Pará: o estado com o maior desmatamento tem um plano para desenvolver a Amazônia
Em entrevista à EXAME, o governador Helder Barbalho afirma que fez a lição de casa e que vai à COP27 mostrar que a floresta em pé é o melhor negócio
Rodrigo Caetano
Publicado em 9 de novembro de 2022 às 11h57.
O governador do Pará, Helder Barbalho, foi reeleito em primeiro turno com 70% dos votos, nas últimas eleições. É um resultado expressivo, para um estado que foi o centro de uma das maiores polêmicas políticas nos últimos quatro anos: o desmatamento na Amazônia. Entre janeiro a outubro, o sistema Deter, do Inpe, identificou 3.197 quilômetros quadrados de área desmatada no Pará, o equivalente a 34% da destruição em toda a Amazônia Legal. O estado é o que apresenta o maior desmatamento anual desde 2006.

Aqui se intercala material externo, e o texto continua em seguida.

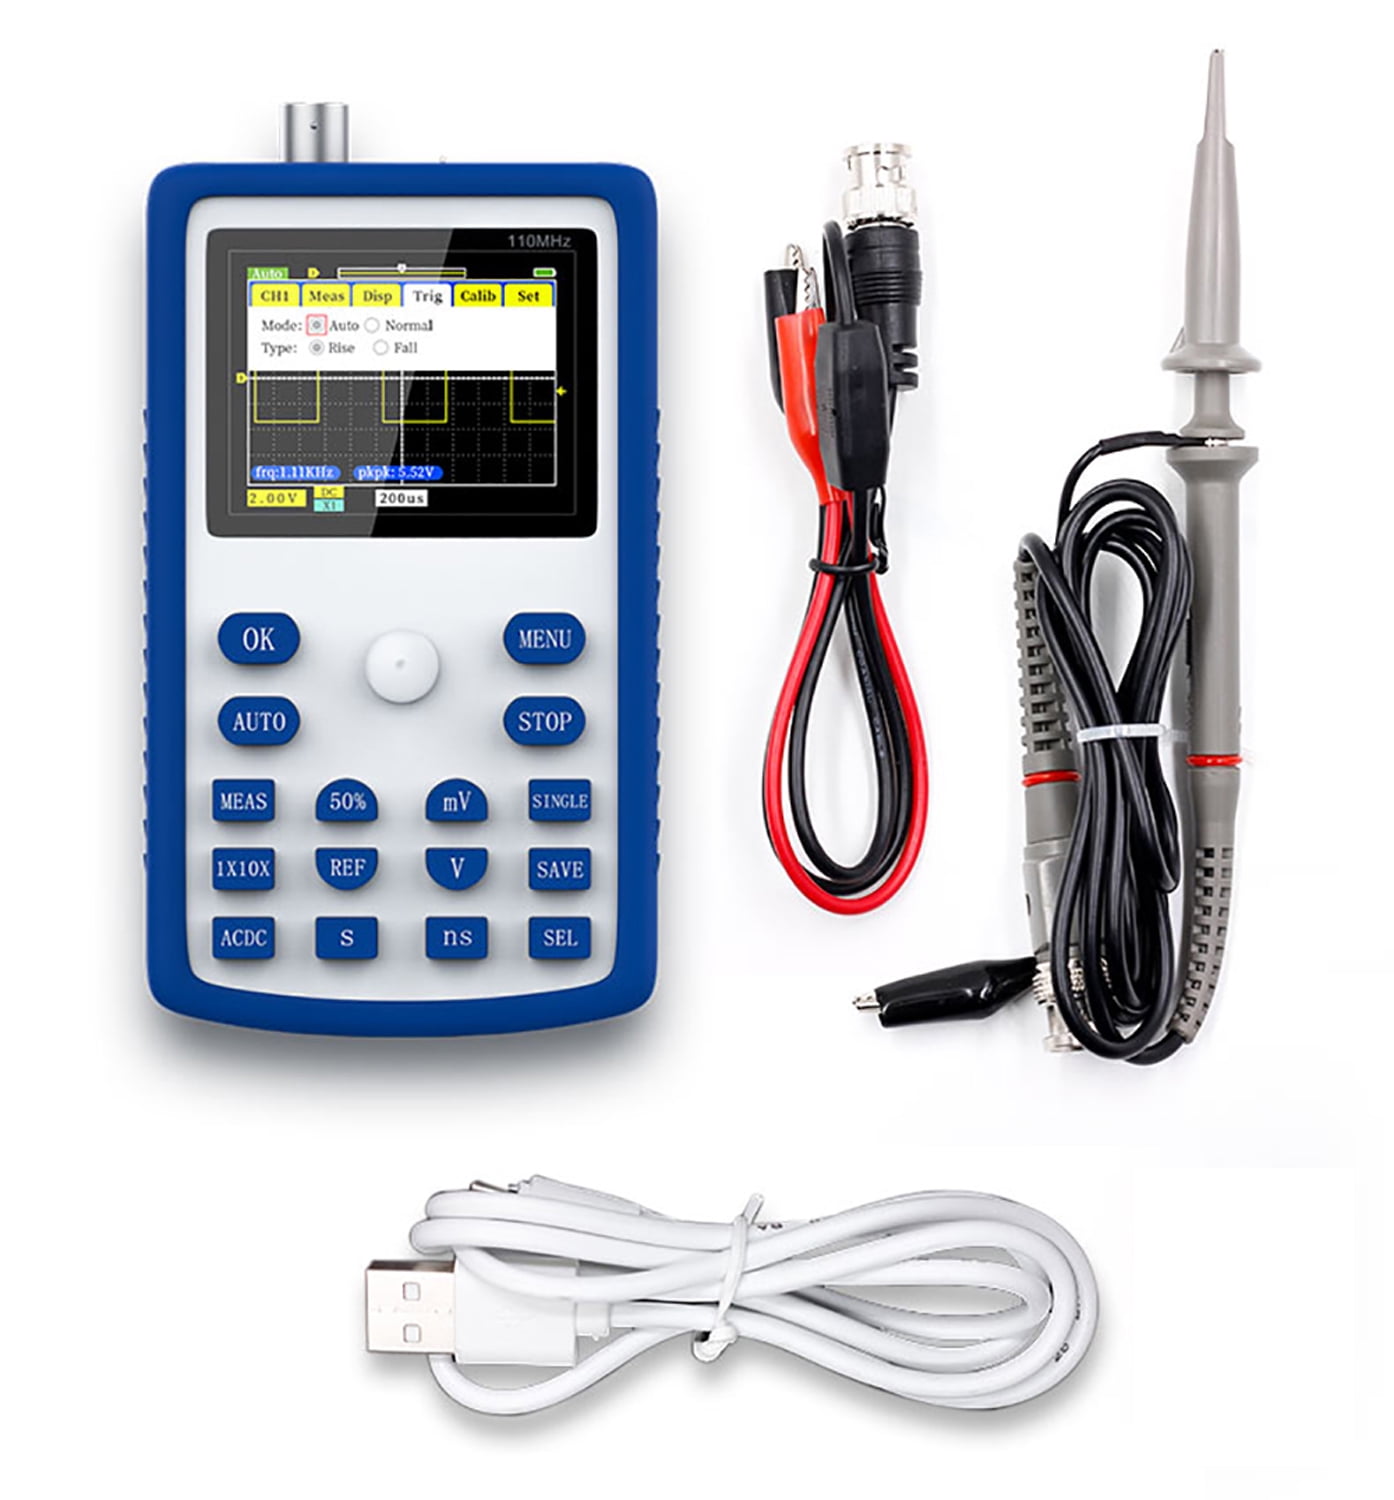 For oscilloscope handheld small mini oscilloscope 100MHz bandwidth 500MS

Barbalho, no entanto, tem uma narrativa diferente. “Nas áreas de competência do estado, reduzimos o desmatamento em 10%”, diz o governador. É preciso uma explicação: aproximadamente 65% do território paraense é de responsabilidade da União, ou seja, do Governo Federal. São áreas de preservação e terras devolutas, em que o governo estadual não possui jurisdição. “O desmonte das estruturas de fiscalização, no âmbito federal levaram ao aumento na destruição da floresta”, afirma.

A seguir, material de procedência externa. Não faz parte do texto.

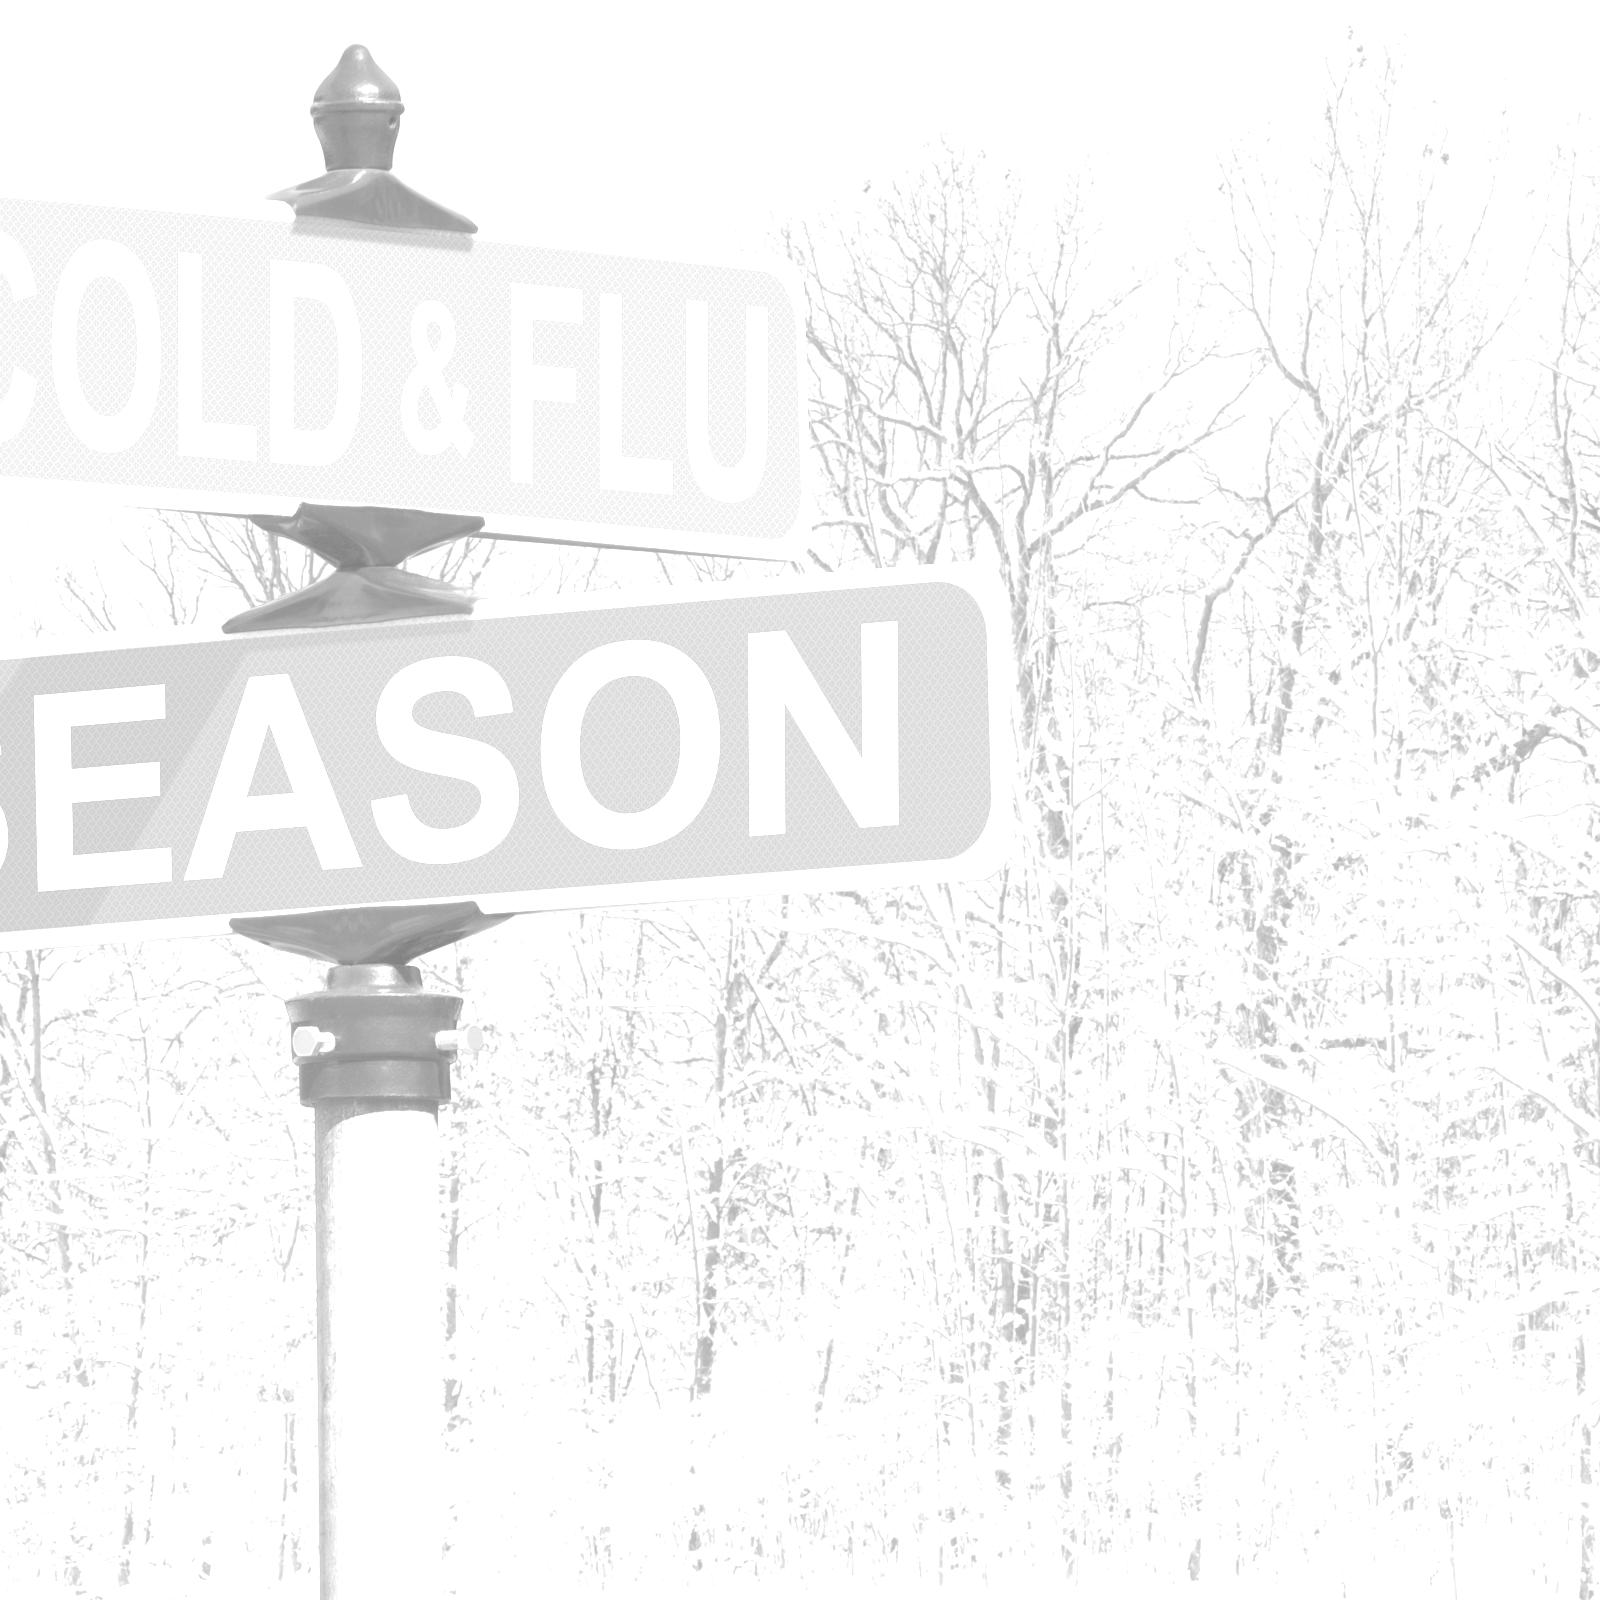 HAFFLPUFF project image, street signs that read cold & flu season

Ele se refere à política do ex-ministro Ricardo Salles, que enfraqueceu o Ibama e atuou contra a aplicação de multas aos desmatadores. Salles acabou destituído após ser acusado de proteger madeireiros contra uma operação da Polícia Federal de apreensão de um carregamento ilegal de toras de madeira. Ele também ficou conhecido pela expressão “passar a boiada”, usada para se referir a uma avalanche de mudanças normativas que pretendia promover. Para Barbalho, essa política levou a um aumento da atividade ilegal, que é a grande responsável pelo desmatamento.

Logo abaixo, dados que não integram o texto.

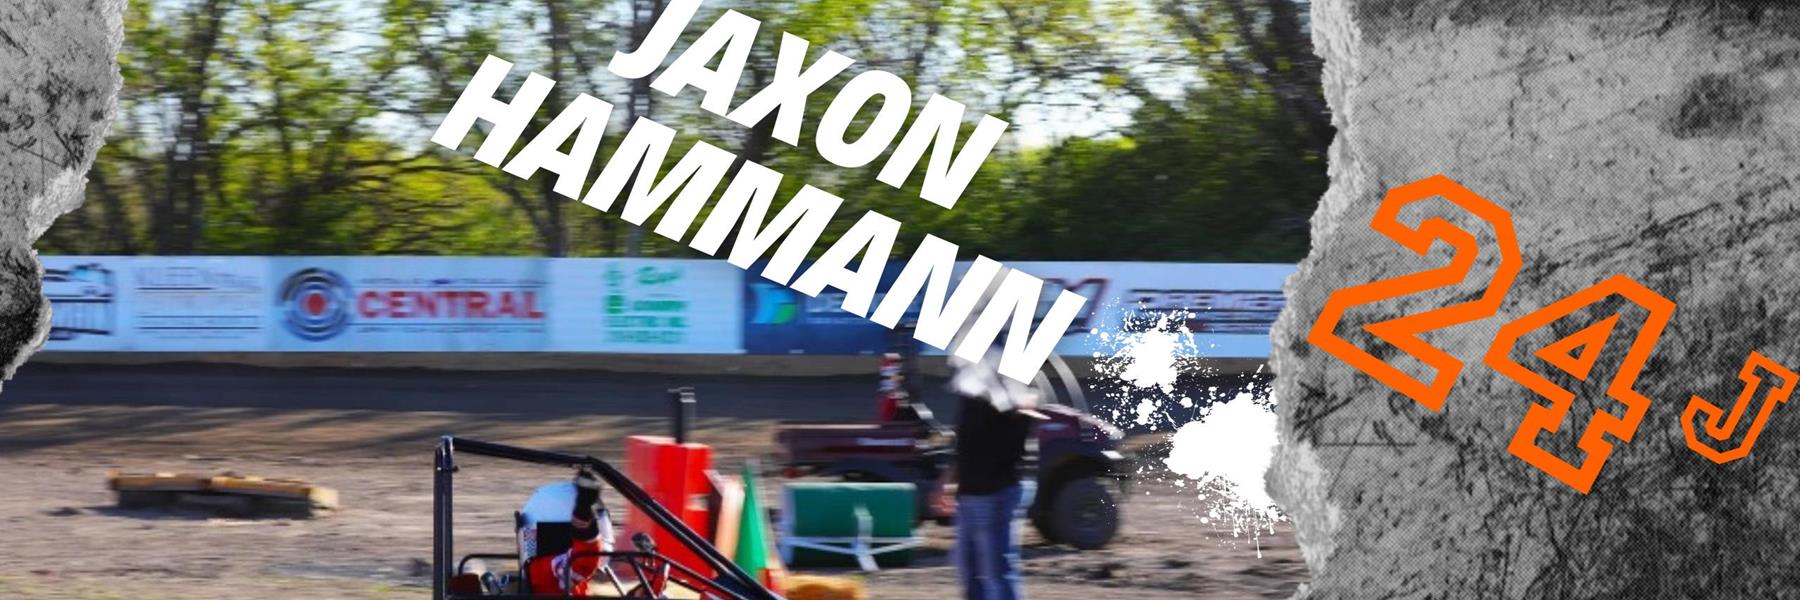 Jaxon Hammann

No que competia ao estado, a partir de 2019, quando Salles assumiu o comando do MMA, o governador preferiu adotar uma postura pró-mercado de controle do desmatamento. Ele apostou no mercado de carbono e na ideia de monetizar a floresta em pé, criou seu próprio fundo para financiar projetos ambientais, elaborou um plano de desenvolvimento da bioeconomia e foi à COP, a conferência climática da ONU, conversar diretamente com os financiadores. “Procuramos ocupar o espaço deixado pela mudança de postura do governo federal”, afirmou à EXAME.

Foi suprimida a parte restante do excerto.